Here is what I had before (15/05/2013)

Before the filter...

Before the filter: no social!

and this is what I had after applying the filter (19/05/2013)

...after the filter

…after the filter, social appears!

Observations:

  • visits from social media are taken off from “referral” and placed into a new category called “social” that will also include all future social media activity tagged through the URL builder to be taken away from the “(none)”
  • RSS disappear and joins “feed” for more clarity
  • the site does not have benefit of any paid advertising source
  • direct/none stable (14% / 15%)
  • organic stable (11%)

Filters above apply only to Campaign Medium, but what about organising also Sources by aggregating at least the most relevant URL’s under just few categories? For example you can join www.facebook.com and m.facebook.com under just “facebook”.

Again, to be precise, you can use RegEx but mind that if you select all domains that contain the word “facebook” or “twitter” you might end up in adding sites that are not facebook and still link to you. For example think of the service “twitterfeed” which is not Twitter. My suggestion here is to narrow aggregation just to the most relevant categories: if you’re embracing let’s say 95% of your visits that could be enough, isn’t it?

A further action: tag your incoming links with the URL builder whenever possible

If you want to reduce the amount of “(none)” among your media, start tagging all your social media posting that links to your website using the URL builder.
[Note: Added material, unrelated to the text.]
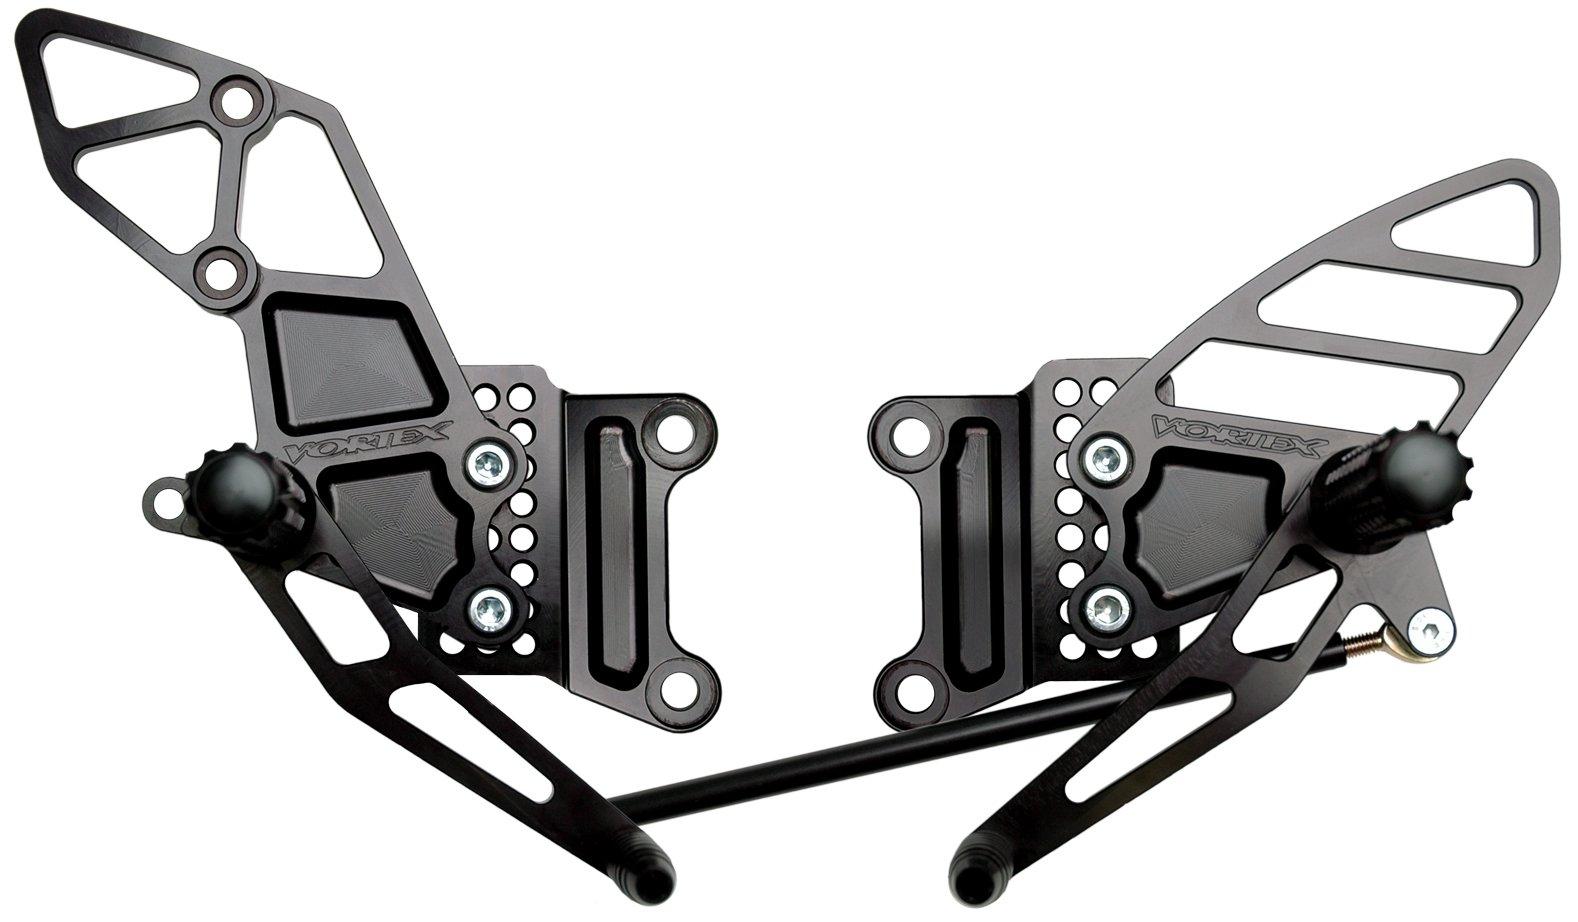 Vortex RS407K Black Rear Set

In this case, I suggest to keep “social” as Campaign Medium for non paid (e.g. a Tweet or a Facebook post on wall or tab) and “cpc” or “paid” for paid (e.g. Facebook advertising) aligning it to other paid sources if any (e.g. AdWords).

You can use URL shorteners, but be sure that they keep tags or your link end up in the meaningless “direct/none” category. To manage non-paid incoming links from your own social sources Lunametrics has built a simple but still useful Google spreadsheet, using the shortener bit.ly

Be consistent with tags

If many people have access to your social media stream and run digital campaigns you should do some efforts to align tagging policies otherwise you might end up in a mess on GA reports. I’ve seen reports including many similar tags all together such as CPC, cpc, PPC, paid, ads, advertising, social, socialmedia, facebook, fb, etc.

Why separating social from referrals?

Ok they are all referrals, but usually visits coming from social media come from piece of content that links to your website (e.g. a post on Facebook wall). I say ‘usually’ because such links might be also placed on social media areas such as notes, tabs, twitter profile description, about sections, etc. together with other links, but such places are less relevant than the mainstream. Other referrals (traditional, let’s say), most of the times are link placed on websites (e.g. blogs), either because they like you/find your content relevant/worth mentioning or because of your link building activity. I’m not engaging in a debate if it’s better to have “social signals” or referrals from a pure SEO perspective during the Penguin era. Let’s say that it’s important to be noticed both by search engines and (yes, apparently we’re still humans) real people, but this post helps you to distinguish among digital type of  place where you’ve been spotted on: making a parallel with geography, if the source is the name of the place, the medium is the type of place.

A filter also for email

Usually newsletters/DEM are tagged with “email” medium. Why not doing the same with a custom filter that attributes “email” medium to all sources that contain the word “mail”? It can be mail.yahoo.com, gmail.com, etc. You might also add other relevant email providers like outlook, hotmail, etc. with a RegEx like (mail|outlook|hotmail|etc….). Again, if you want to preserve other medium like cpc, add a field b=referral – this way you will be pretty sure that all links to your site placed on email content will be tagged with “email” medium instead of referral.

Remember: it’s never too late to tidy your reports and to adopt a consistent and constant “tagging policy”.